▸ TASK INSTRUCTIONS
Skipping all images, output the listing word for word.

▸ SUPPLIED DATA
────────────────

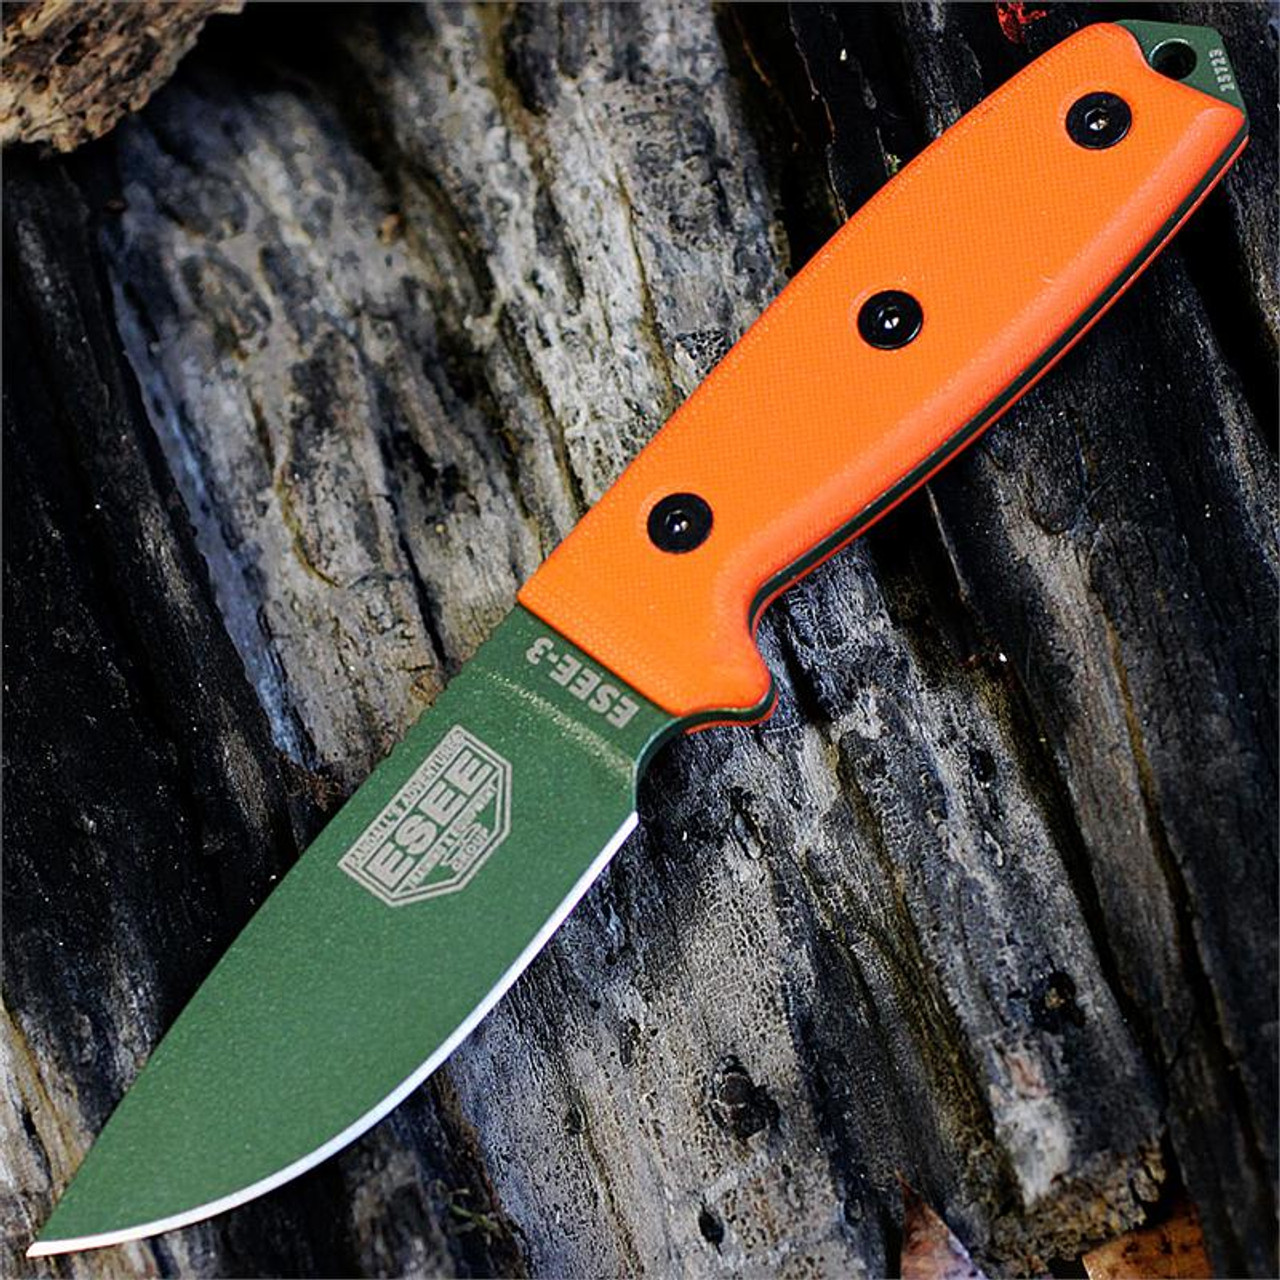 ESEE 3P-MB-OD, Plain Edge,Orange G-10 Handles, Black Sheath with Molle Back
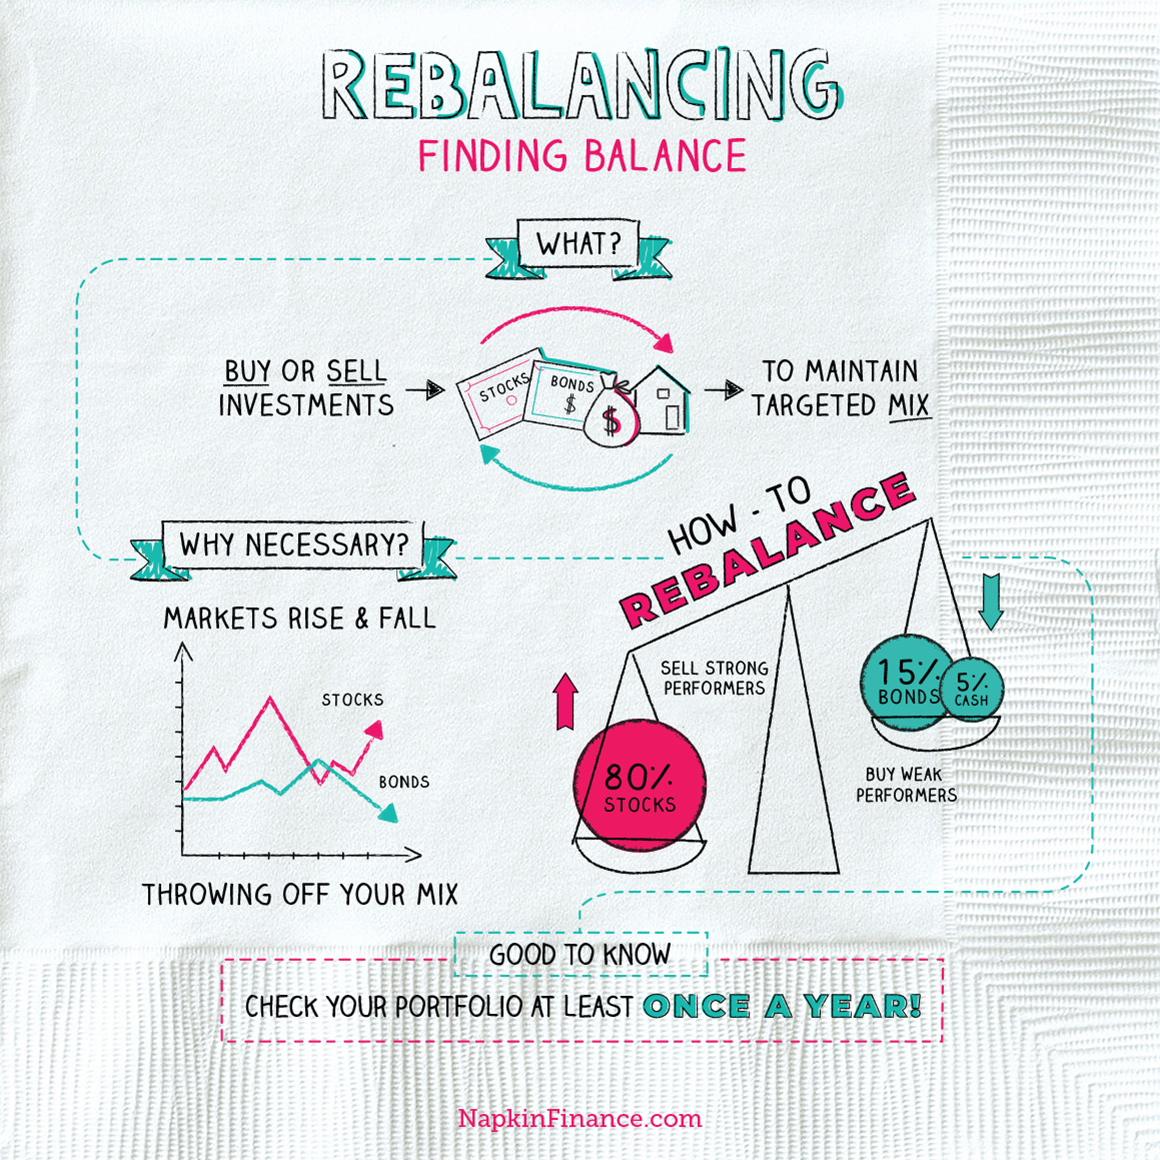 Rebalancing NapkinFinance
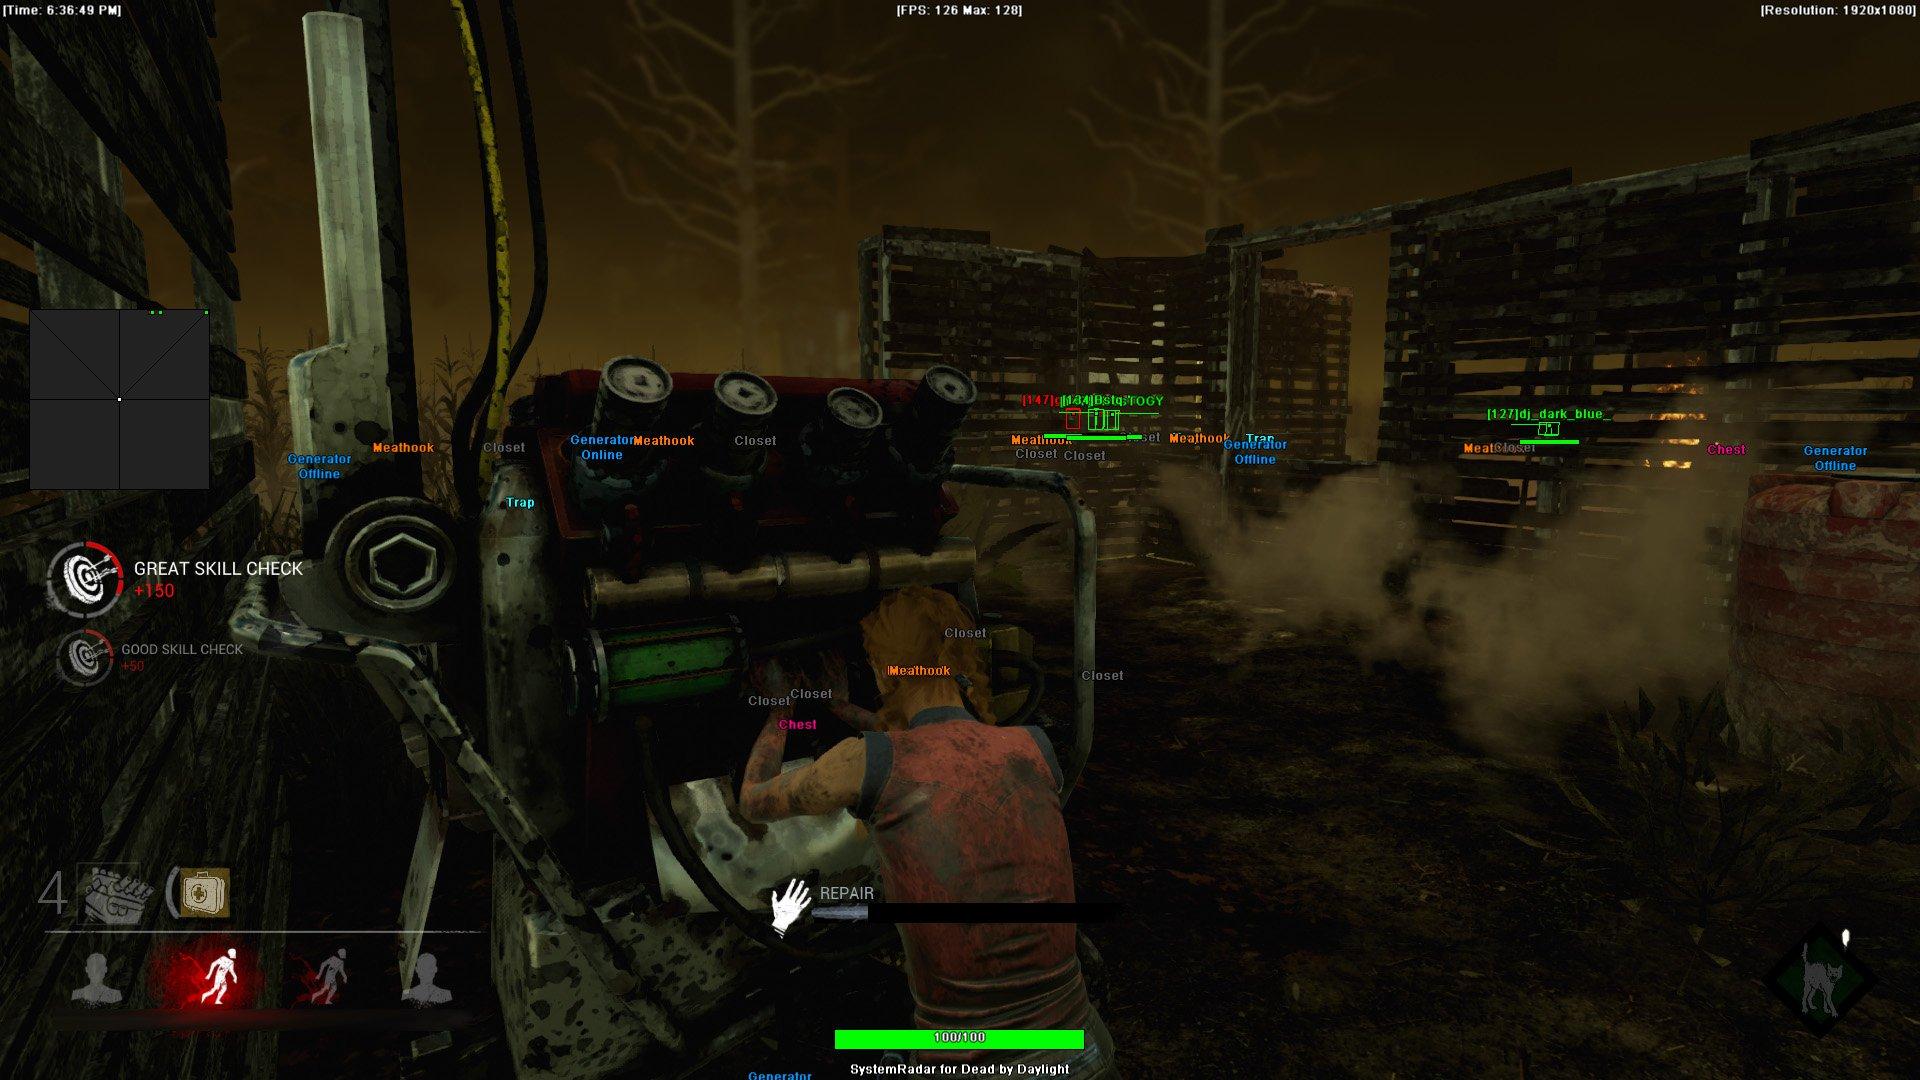 Dead by Daylight Cheat/Hack - SystemCheats
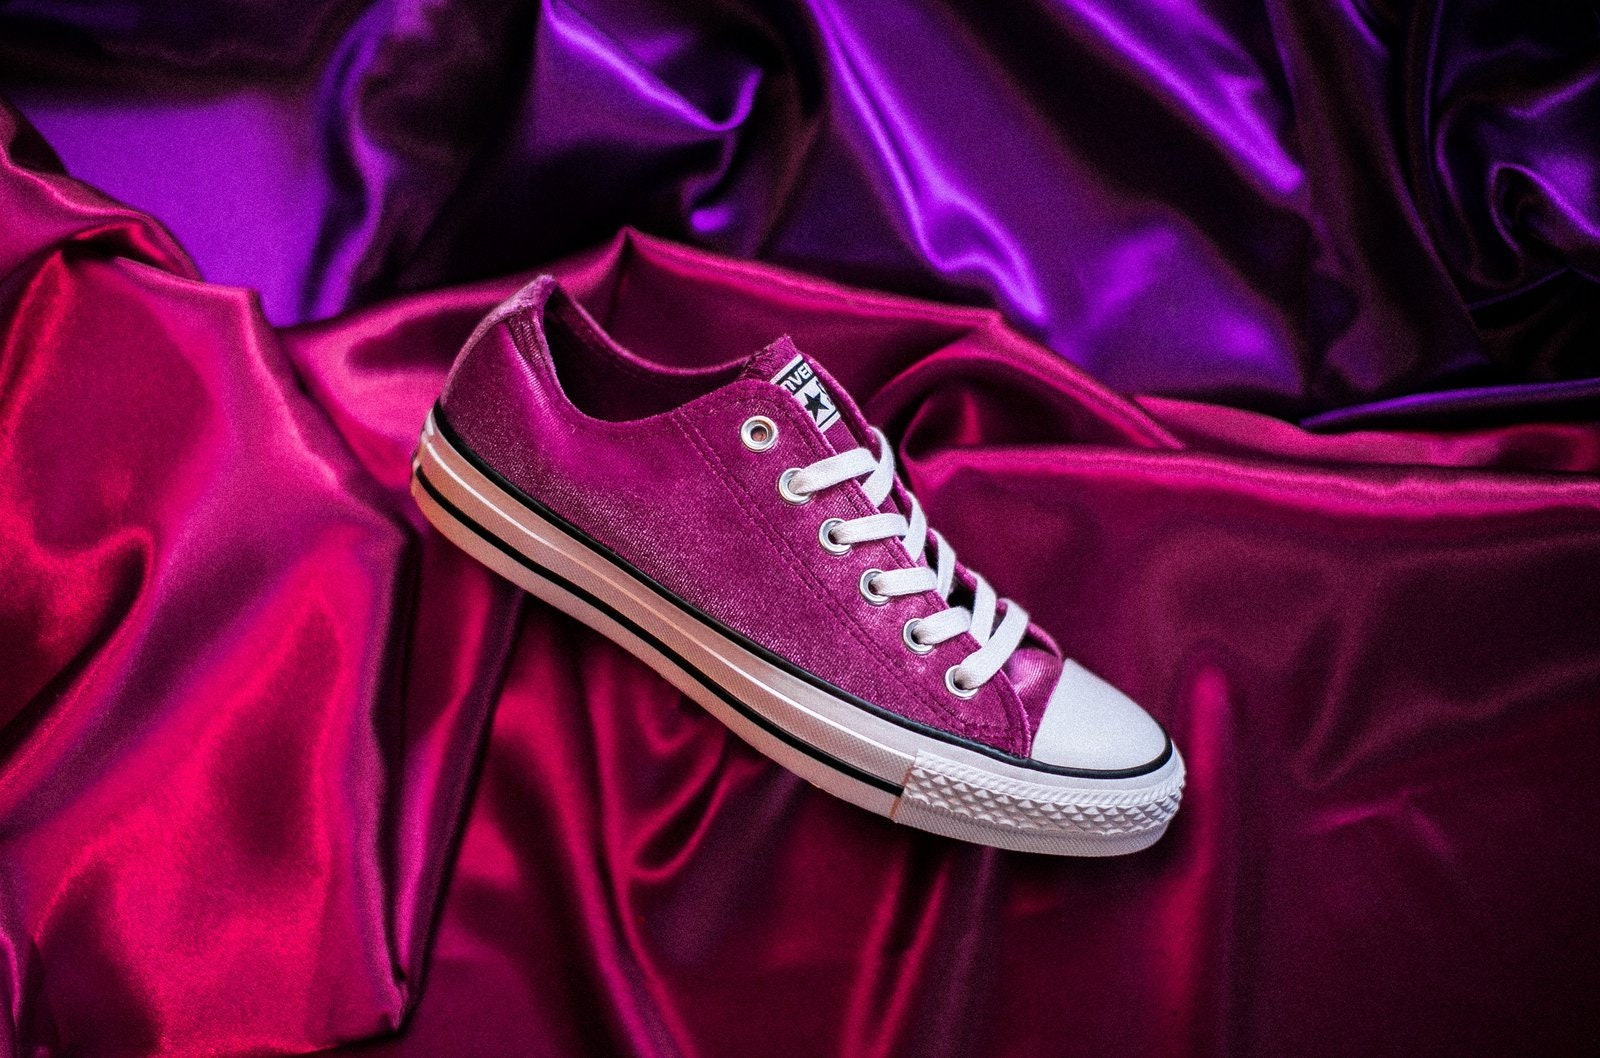 1a538bbe41c Hot Pink Converse Low Top Fuchsia Wedding Velvet w/ Swarovski ...

────────────────

▸ OUTPUT OF THE EXERCISE
 ESEE 3P-MB-OD, Plain Edge,Orange G-10 Handles, Black Sheath with Molle Back
 Rebalancing NapkinFinance
 Dead by Daylight Cheat/Hack - SystemCheats
 1a538bbe41c Hot Pink Converse Low Top Fuchsia Wedding Velvet w/ Swarovski ...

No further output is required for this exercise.